Google TurboQuant: 6x Memory Reduction for LLMs

Google TurboQuant reduces LLM memory usage by up to 6x without quality loss.

Google TurboQuant: 6x Memory Reduction, 8x Inference Speedup for LLMs

Google Research unveiled TurboQuant in March 2026 - a data-oblivious quantization framework achieving 6x+ KV cache compression, 8x attention speedup, near-zero accuracy loss. Presenting at ICLR 2026 and AISTATS 2026.

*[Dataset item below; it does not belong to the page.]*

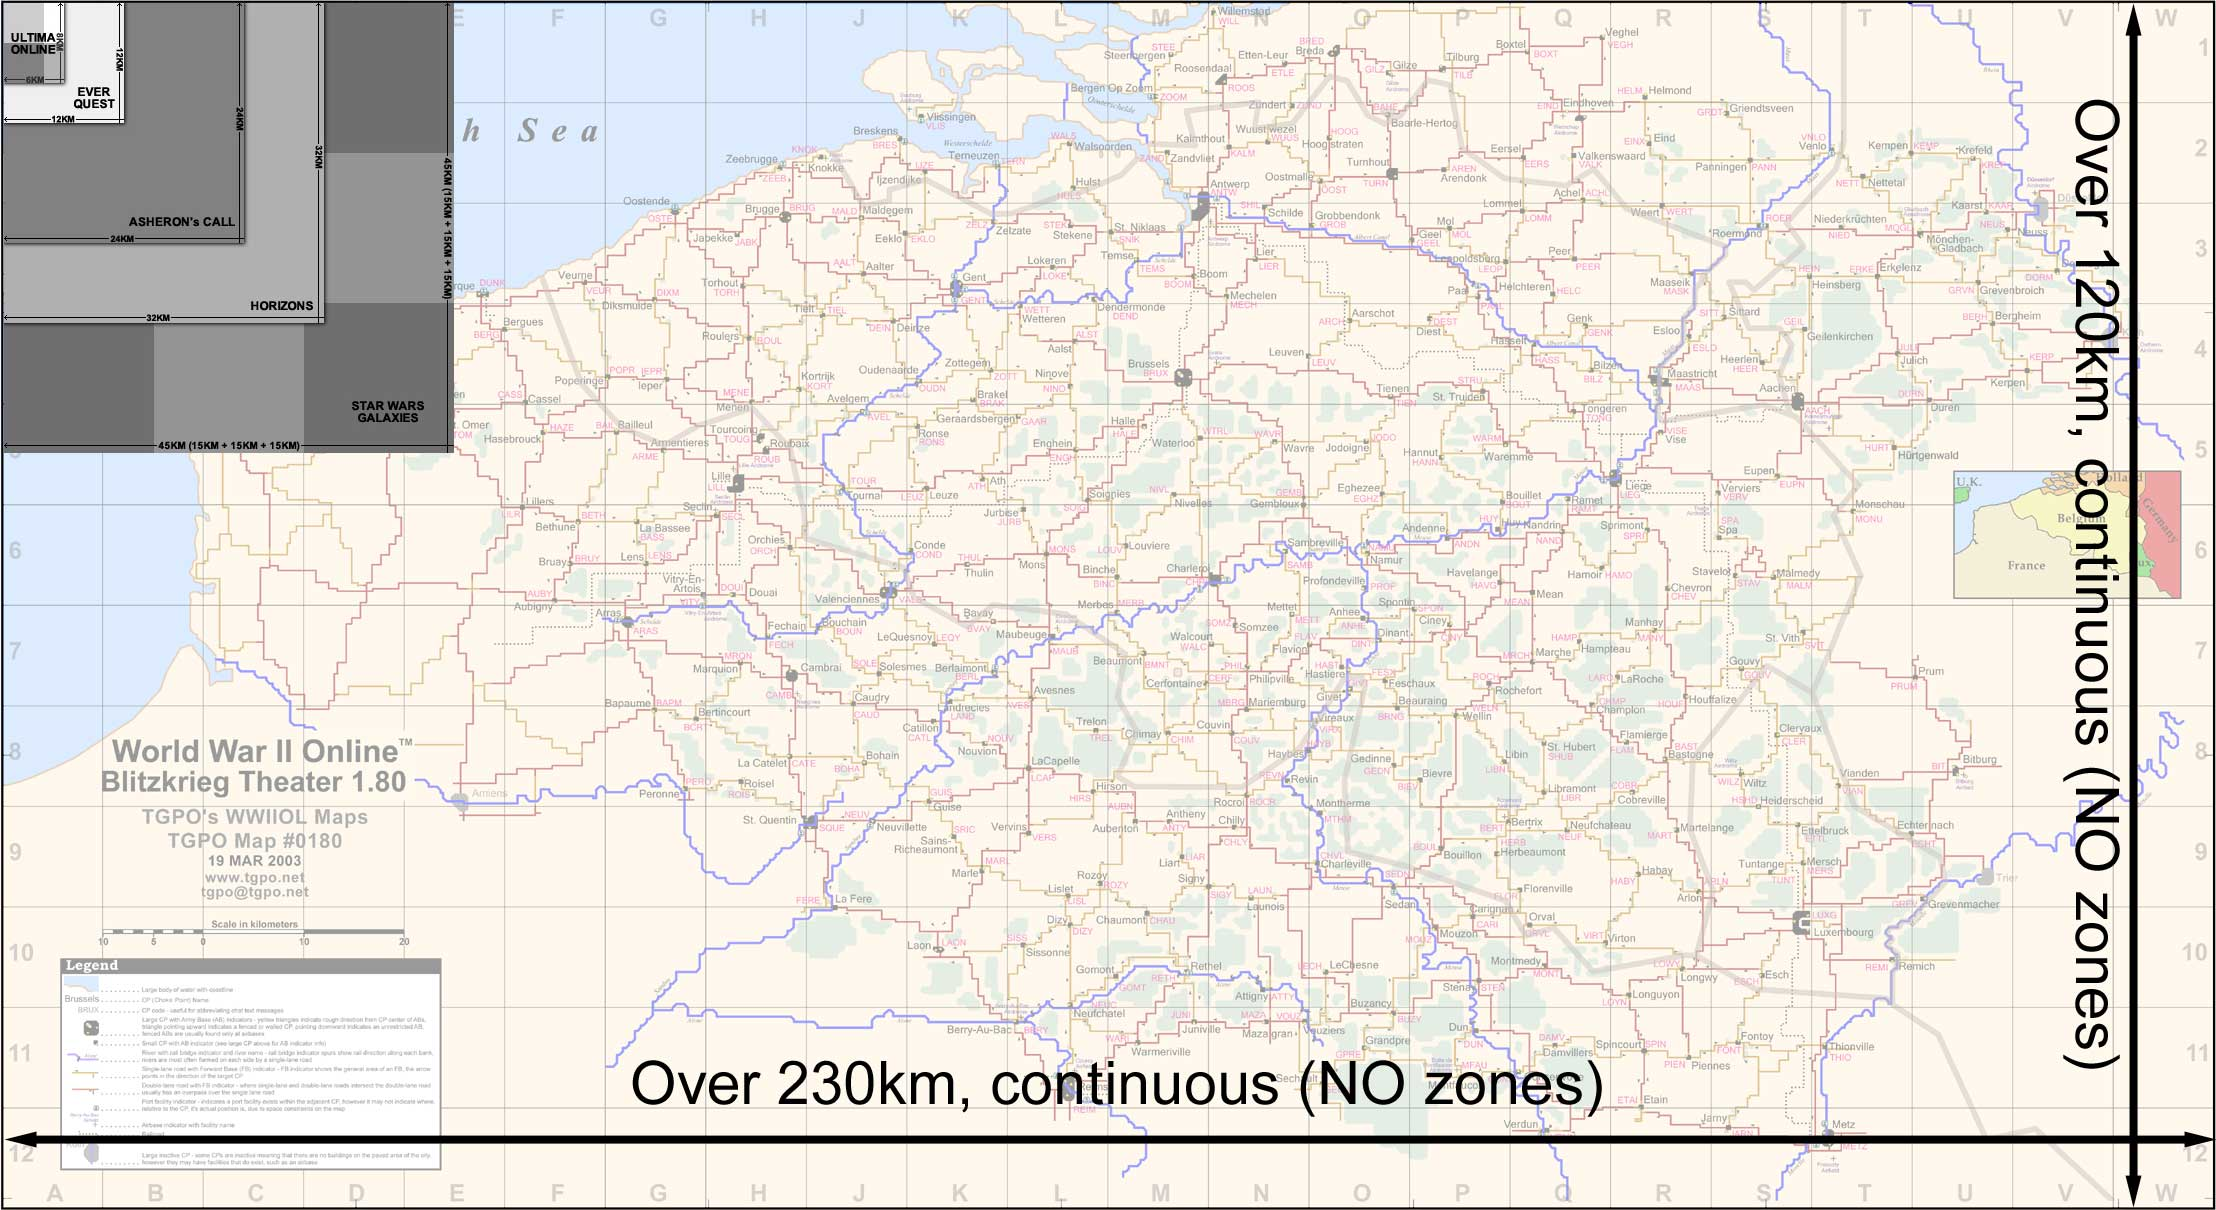 WW2OL Map size 1_80.jpg

Two-stage compression: PolarQuant (random orthogonal rotation to polar coordinates, separating magnitude and direction without storing quantization constants); QJL (1-bit transform eliminating residual bias for unbiased inner product estimates critical for attention accuracy).

Core advantages: KV cache at 3-4 bits per element (6x compression); 8x speed on H100 GPUs; 100% recall in needle-in-a-haystack to 104K tokens; training-free plug-and-play for any model.

For a 70B model at 128K context: uncompressed KV cache needs 30-50GB VRAM, TurboQuant reduces to 5-8GB.

Practical impact: lower inference costs, expanded deployment to consumer GPUs, vector database optimization. Unlike GPTQ/AWQ, TurboQuant is data-oblivious - no calibration datasets needed, robust across data distributions.

Potentially the most impactful single algorithmic breakthrough for LLM infrastructure in 2026 - solving deployment, not capability.